= SUPPLIED MATERIAL =

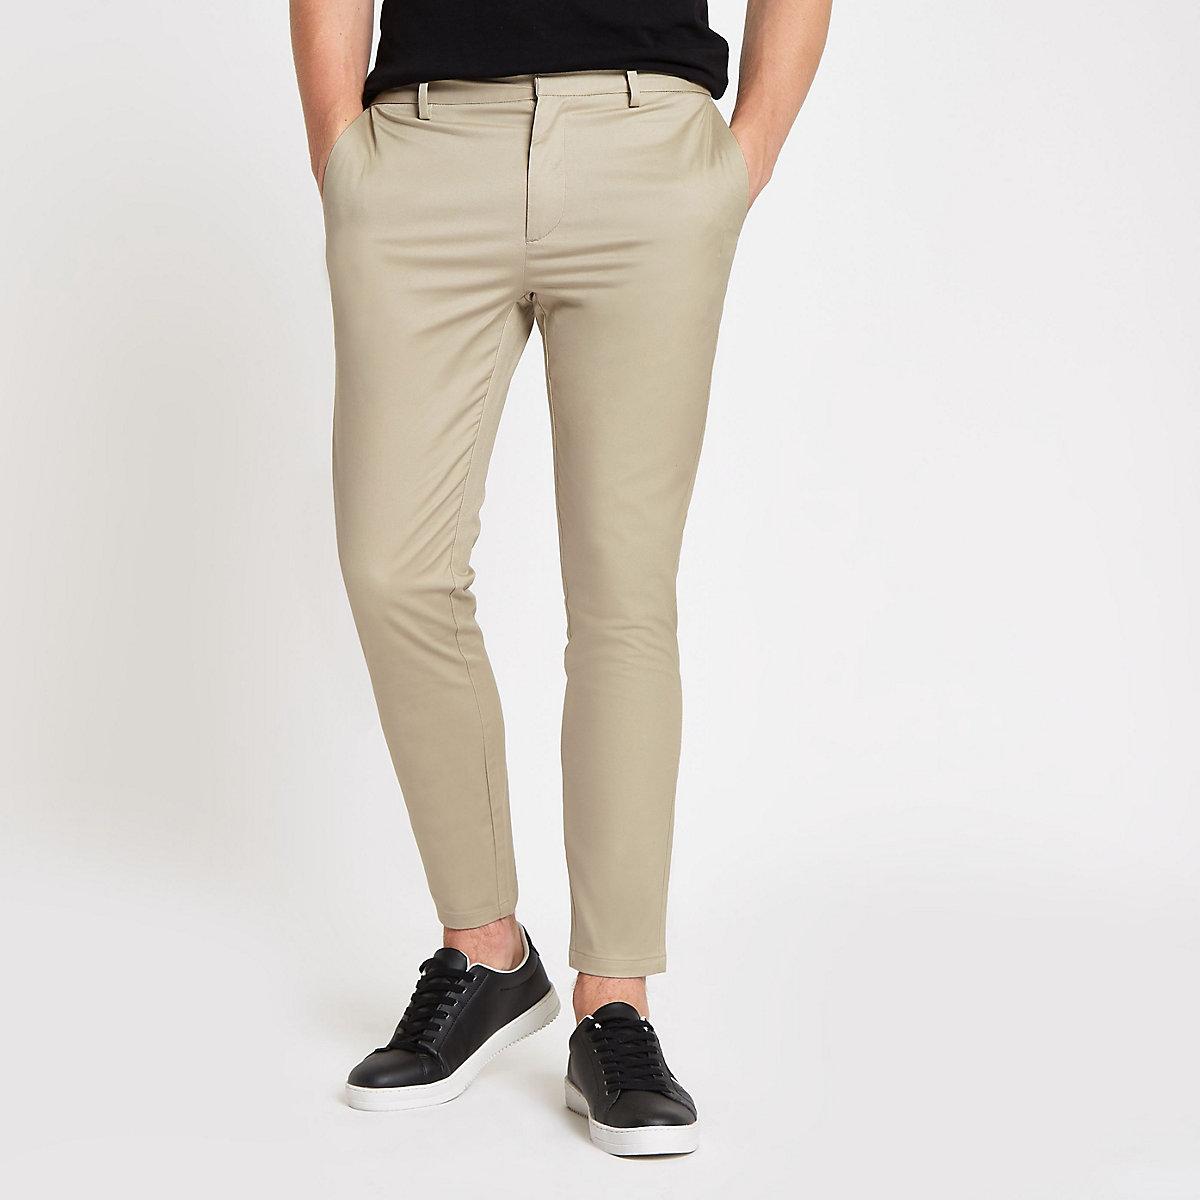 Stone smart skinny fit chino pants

* * *

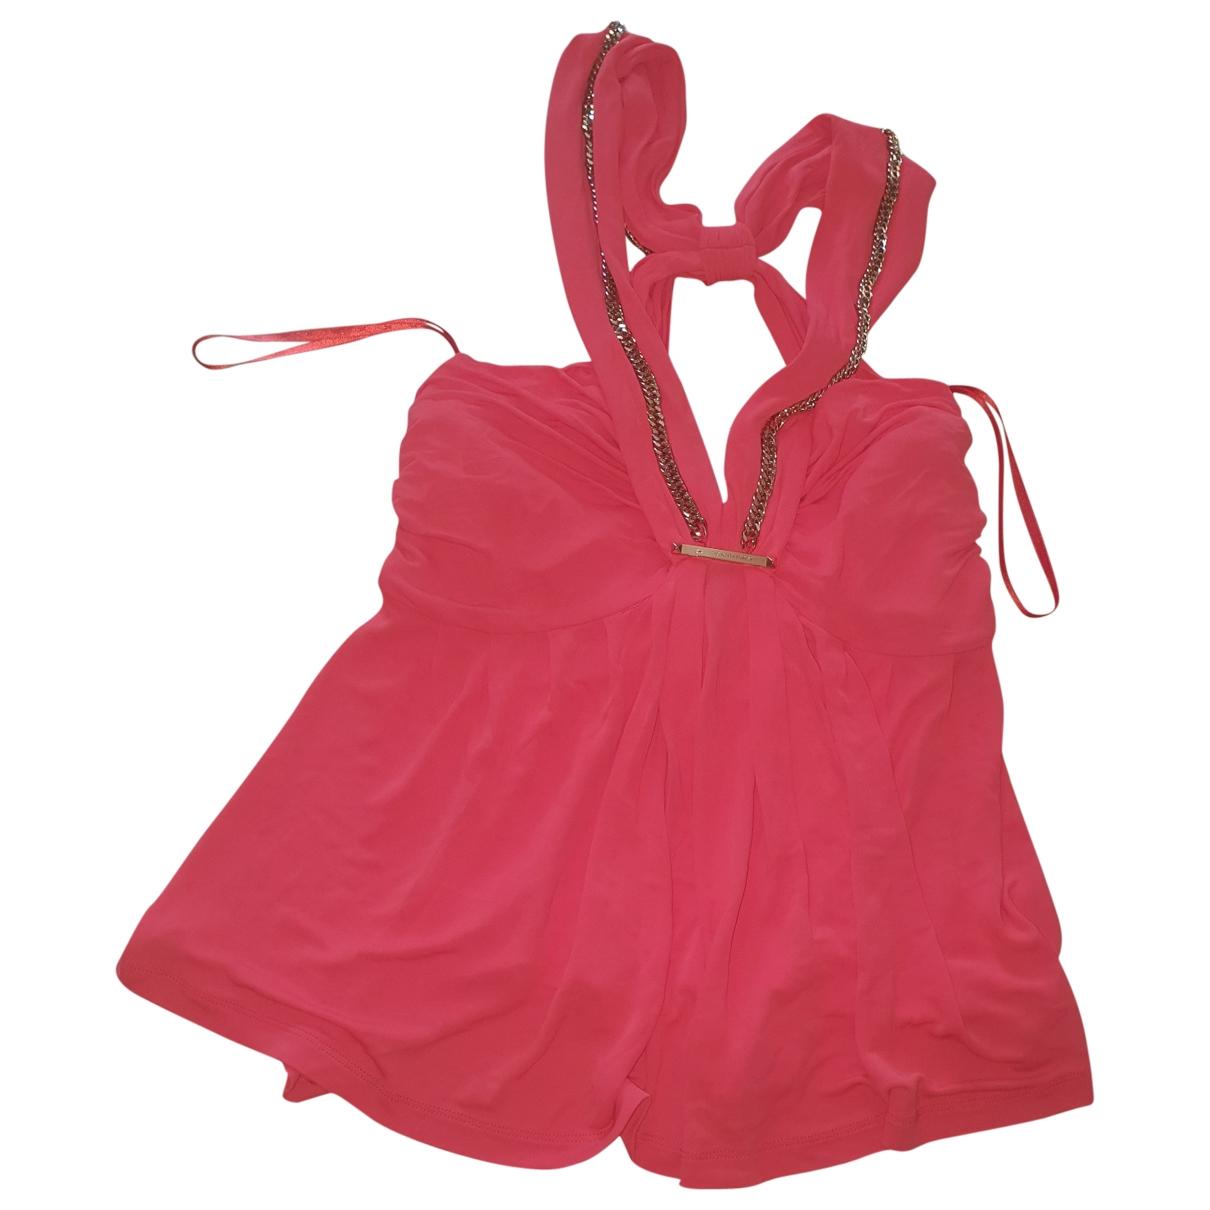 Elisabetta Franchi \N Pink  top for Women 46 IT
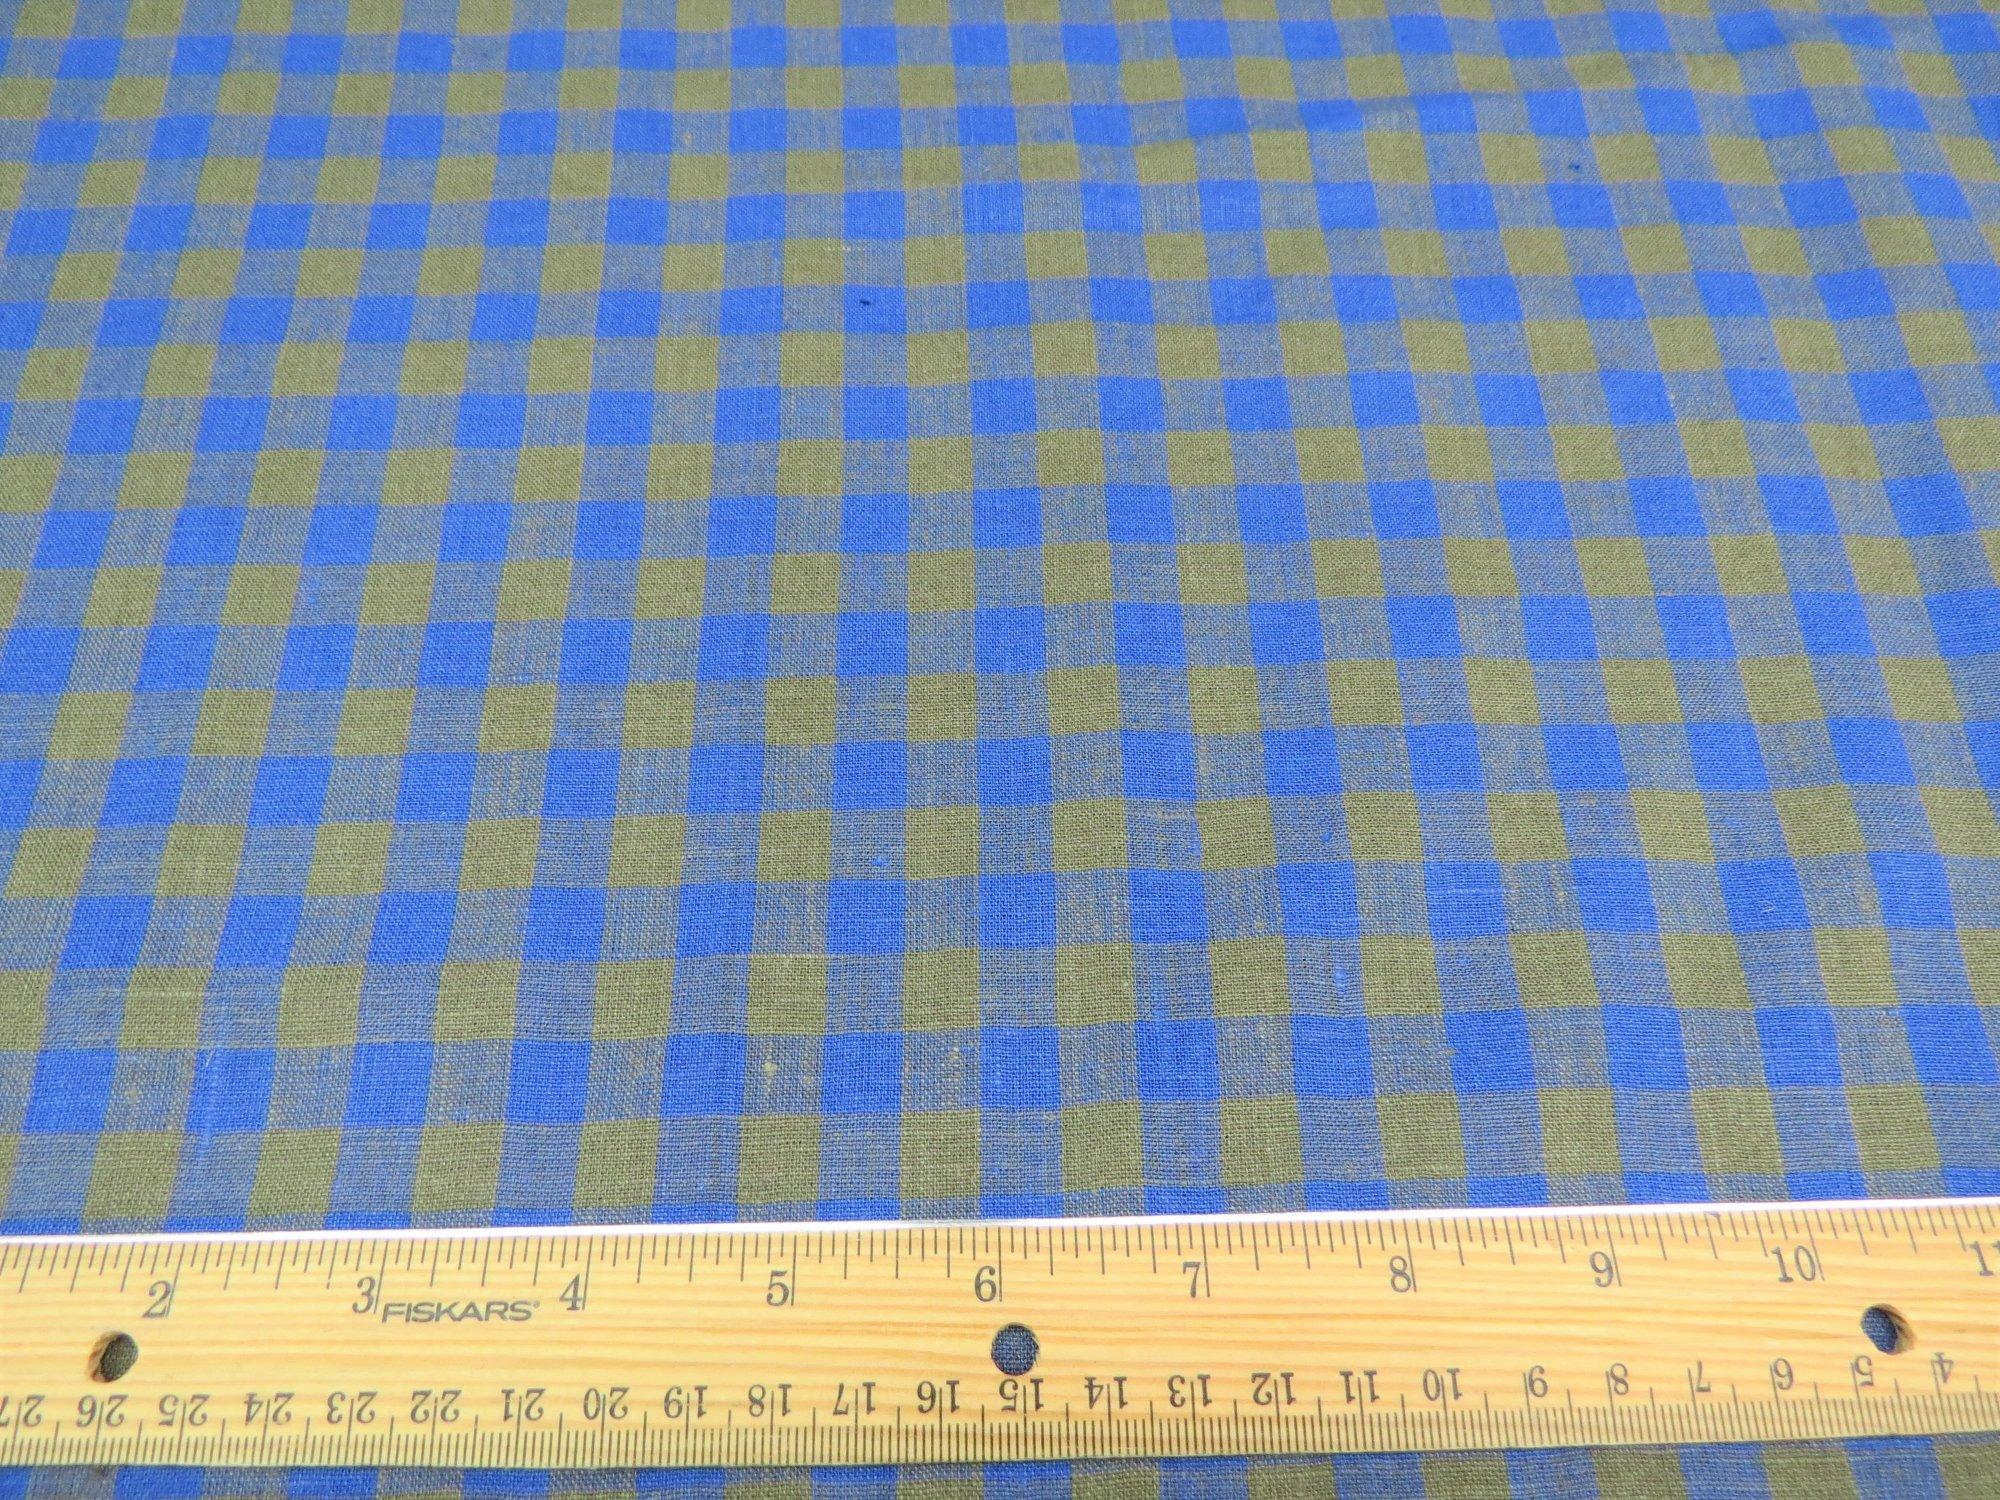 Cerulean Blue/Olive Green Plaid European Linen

--

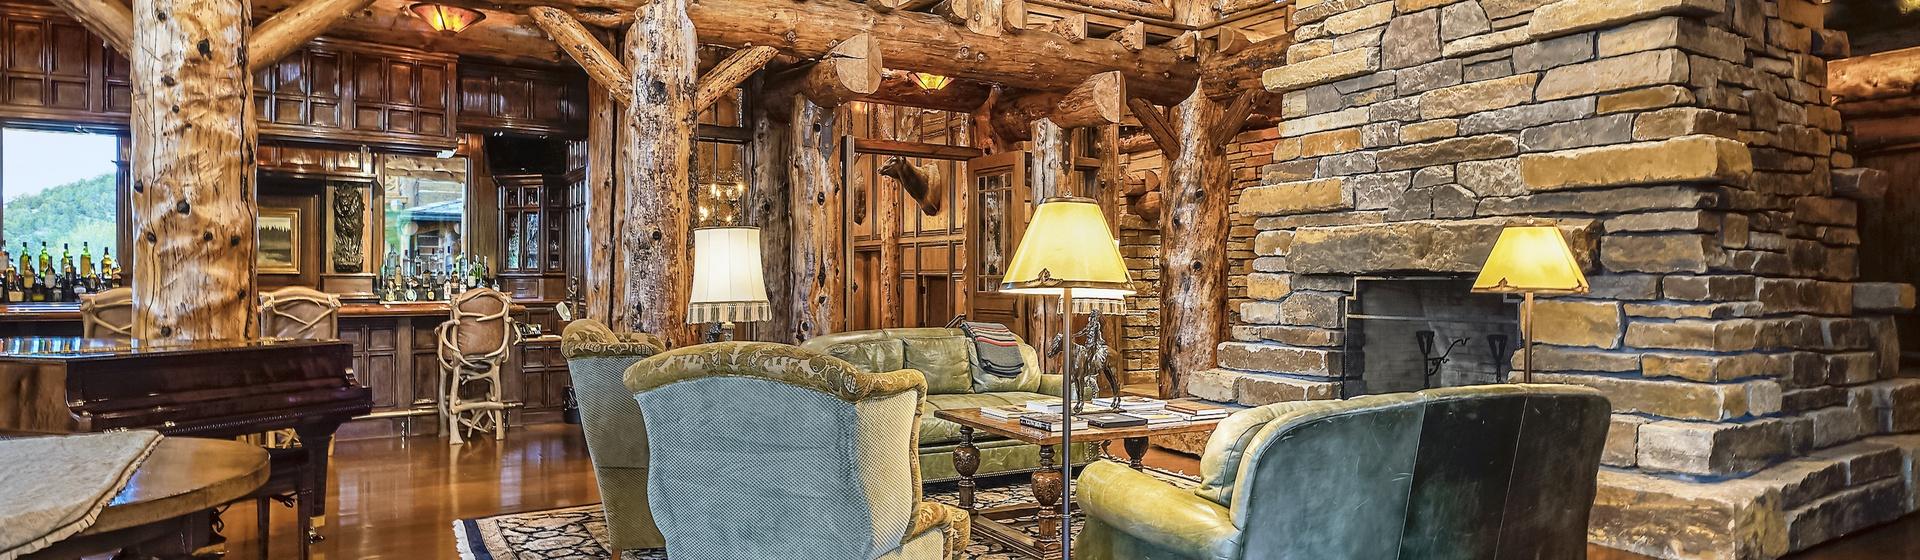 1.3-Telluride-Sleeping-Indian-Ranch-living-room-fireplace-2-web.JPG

= WHAT TO DO =
Look above for the line containing "Elisabetta Franchi \N", then copy exactly from it through the line containing "Cerulean Blue/Olive Green", keeping both and leaving out pictures. Add nothing else.

= REPLY TO THE TASK =
 Elisabetta Franchi \N Pink  top for Women 46 IT
 Cerulean Blue/Olive Green Plaid European Linen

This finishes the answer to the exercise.